Given current trends, New York’s HOA insurance market is likely to remain challenging in the near term. Inflationary pressures, climate-related risks, and legal system factors will continue to influence premium rates and coverage availability.


However, ongoing legislative scrutiny and industry adaptation may bring some relief. Innovations in insurance products, increased competition, and regulatory reforms could help stabilize the market over time.


For now, HOAs and homeowners must stay informed and engaged. Leveraging expert advice, exploring alternative risk management approaches, and maintaining open dialogue within communities are key strategies to navigate this evolving landscape.


For more detailed insights into the insurance premium trends, the Foundation for Community Association Research offers valuable data and analysis that can help stakeholders understand the scope and scale of these increases.


As the landscape shifts, it’s crucial for HOAs to consider the implications of emerging technologies in risk assessment and management. Tools such as predictive analytics and artificial intelligence can provide deeper insights into potential risks, allowing associations to tailor their insurance needs more effectively. By harnessing these technologies, HOAs can not only mitigate risks but also potentially lower their premiums by demonstrating a proactive approach to risk management.

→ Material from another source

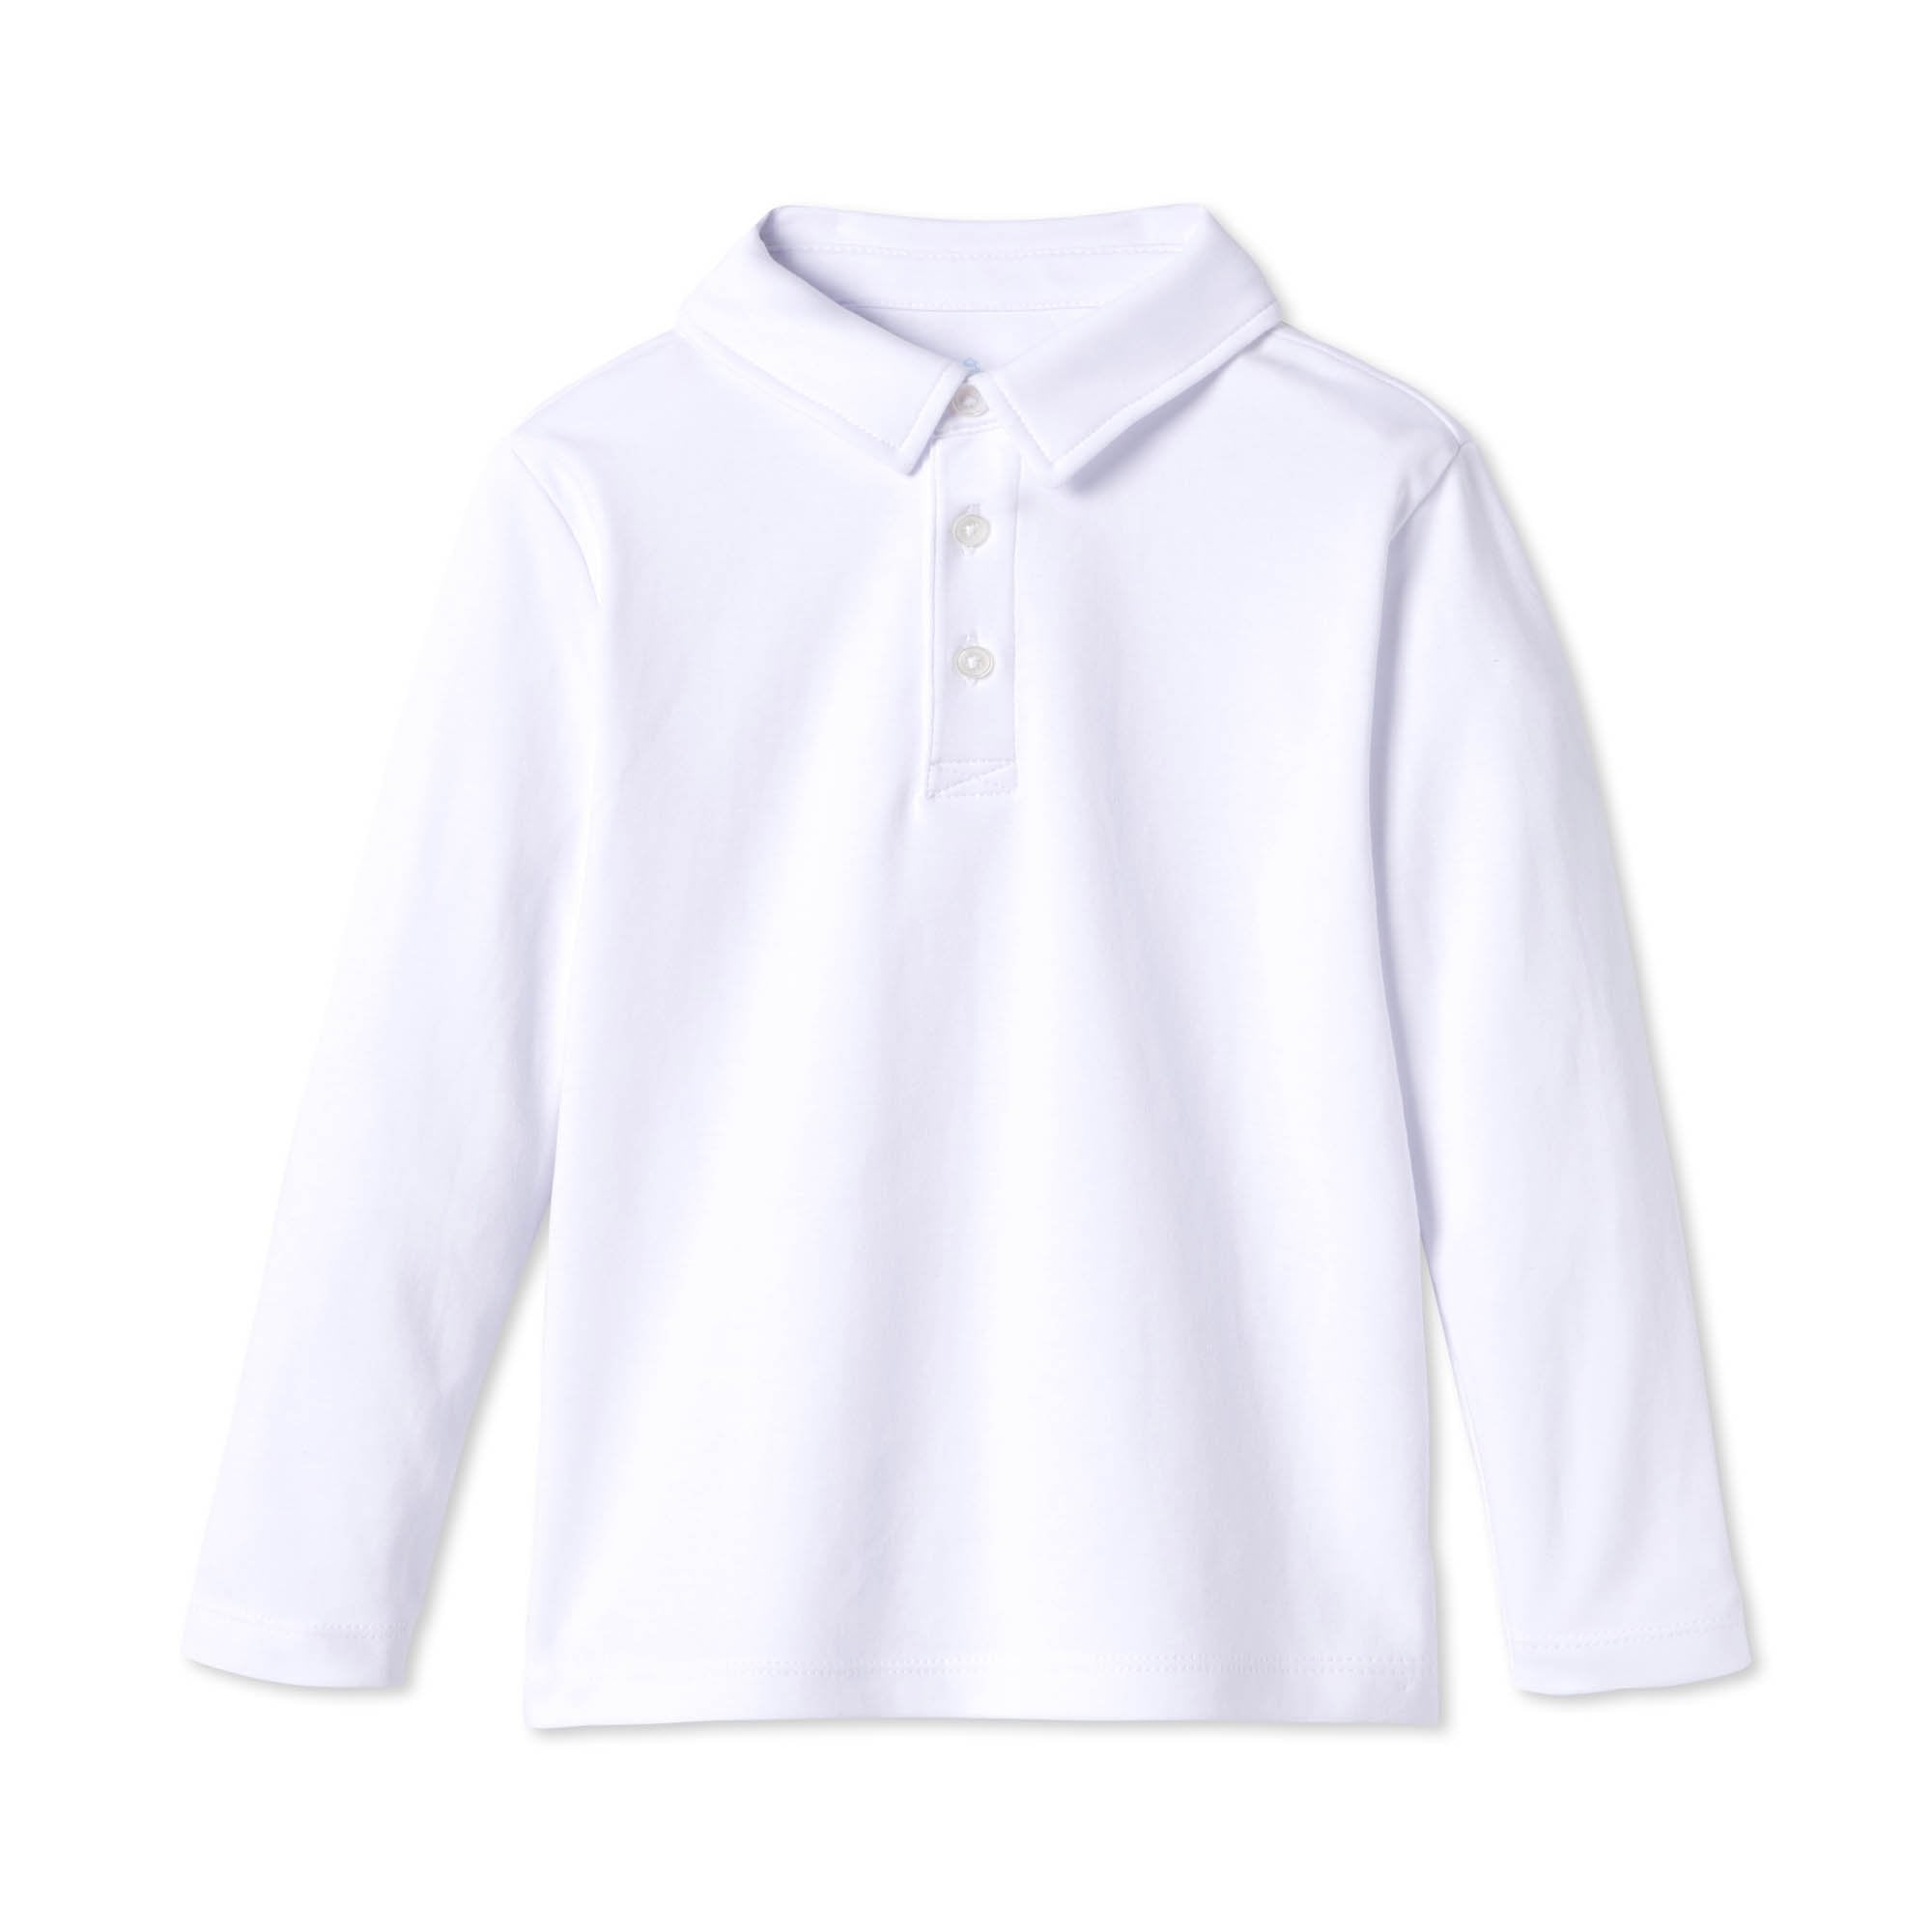 Hayden Long Sleeve Polo, Bright White 2021

Moreover, community engagement plays a vital role in navigating the complexities of the insurance market. Regular meetings and workshops can empower homeowners with knowledge about their insurance policies, coverage options, and the importance of maintaining property values. By fostering a culture of transparency and collaboration, HOAs can ensure that all members are well-informed and prepared to make decisions that benefit the entire community, ultimately leading to a more resilient and cohesive neighborhood.